In my REST API I have a very large collection; it contains millions of items. The path for this collection is /mycollection
Because this collection is so large it is not good practice to GET
the whole collection so the API supports paging. Paging will be the primary way of getting the collection
GET /mycollection?page=1&page-size=100 HTTP/1.1
Say the original collection contains 1,000,000 items and I want to update 5,000, delete 3,000 and add 2,000 items. I could write my API to support updating the collection via either the PUT
method or the PATCH
method. While either method would require very different request bodies I believe both methods would require the exact same response body, i.e. the response body would have to contain the current representation of the entire updated resource, i.e. all 999,000 items in the collection.

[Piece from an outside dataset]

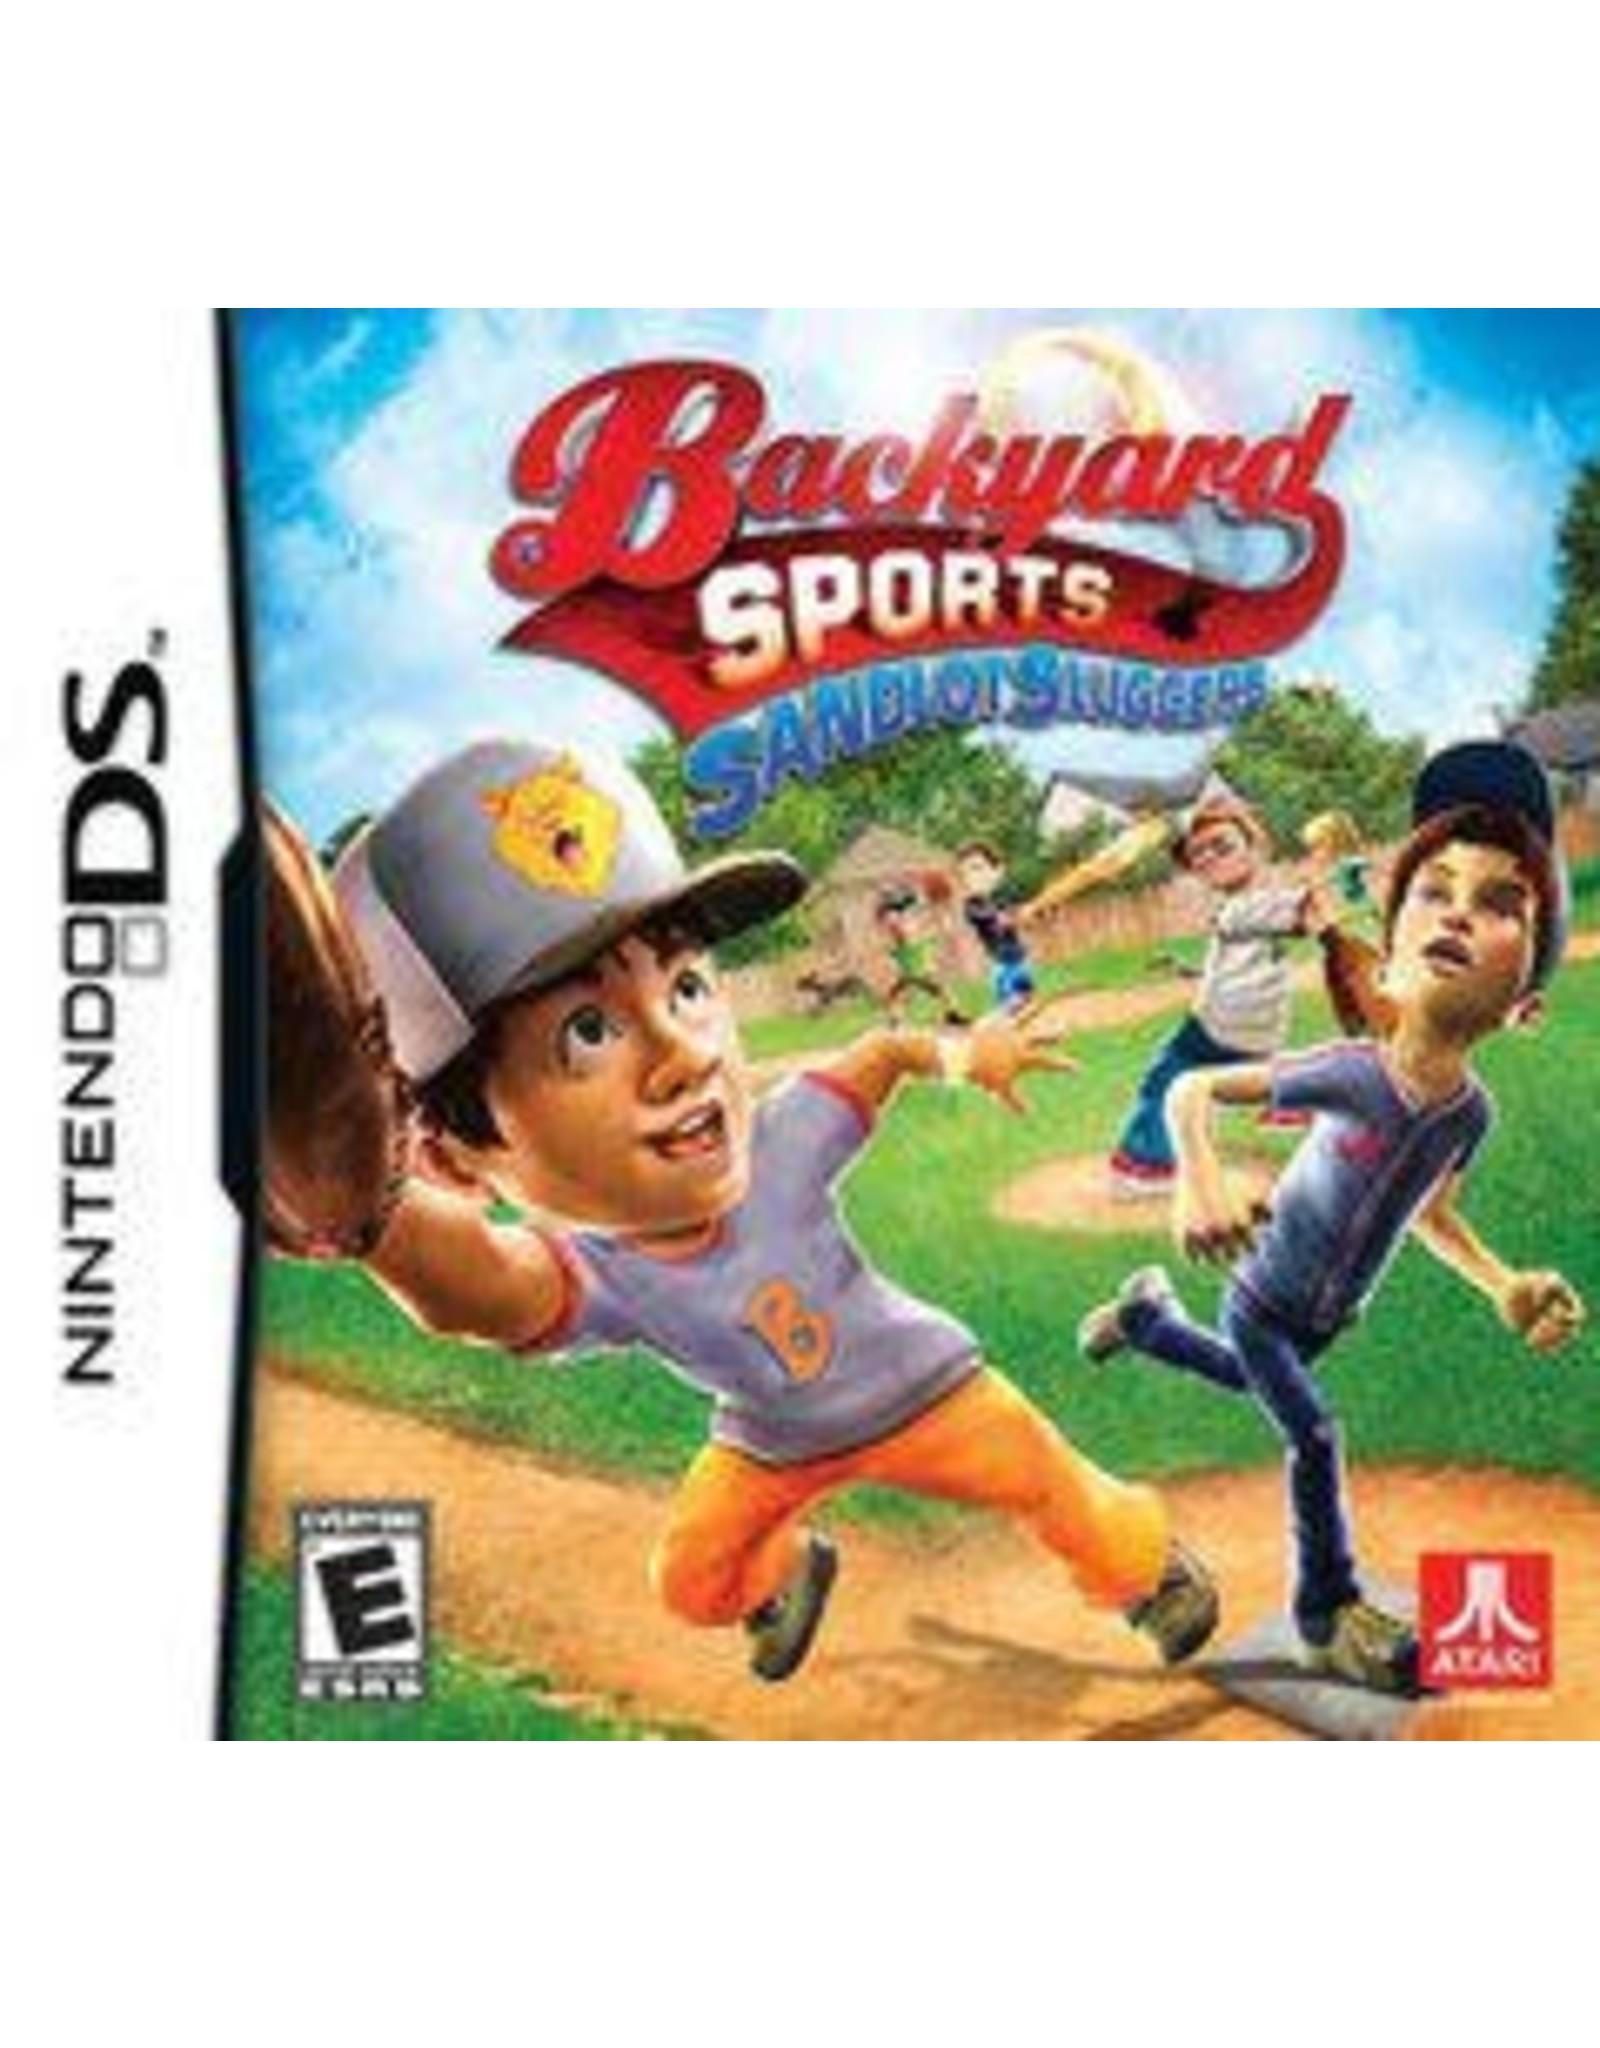 Nintendo DS Backyard Sports: Sandlot Sluggers (Cart Only)

As I mentioned earlier GET
ting the entire collection is just not realistic; it's too big. For the same reason I don't want PUT
ting or PATCH
ing to return the entire collection. Adding query parameters to a PUT
or PATCH
request wouldn't work either because neither PUT
nor PATCH
are safe methods.
So what would be the proper response in this large collection scenario?
I could respond with
HTTP/1.1 202 Accepted
Location: /mycollection?page=1&page-size=100
The 202 Accepted
response code doesn't feel correct because the update would have been done synchronously. The Location
header doesn't quite feel right either. I could maybe go with a Links
header, but still it doesn't feel right.
Again I ask what would be the proper response in this large collection scenario?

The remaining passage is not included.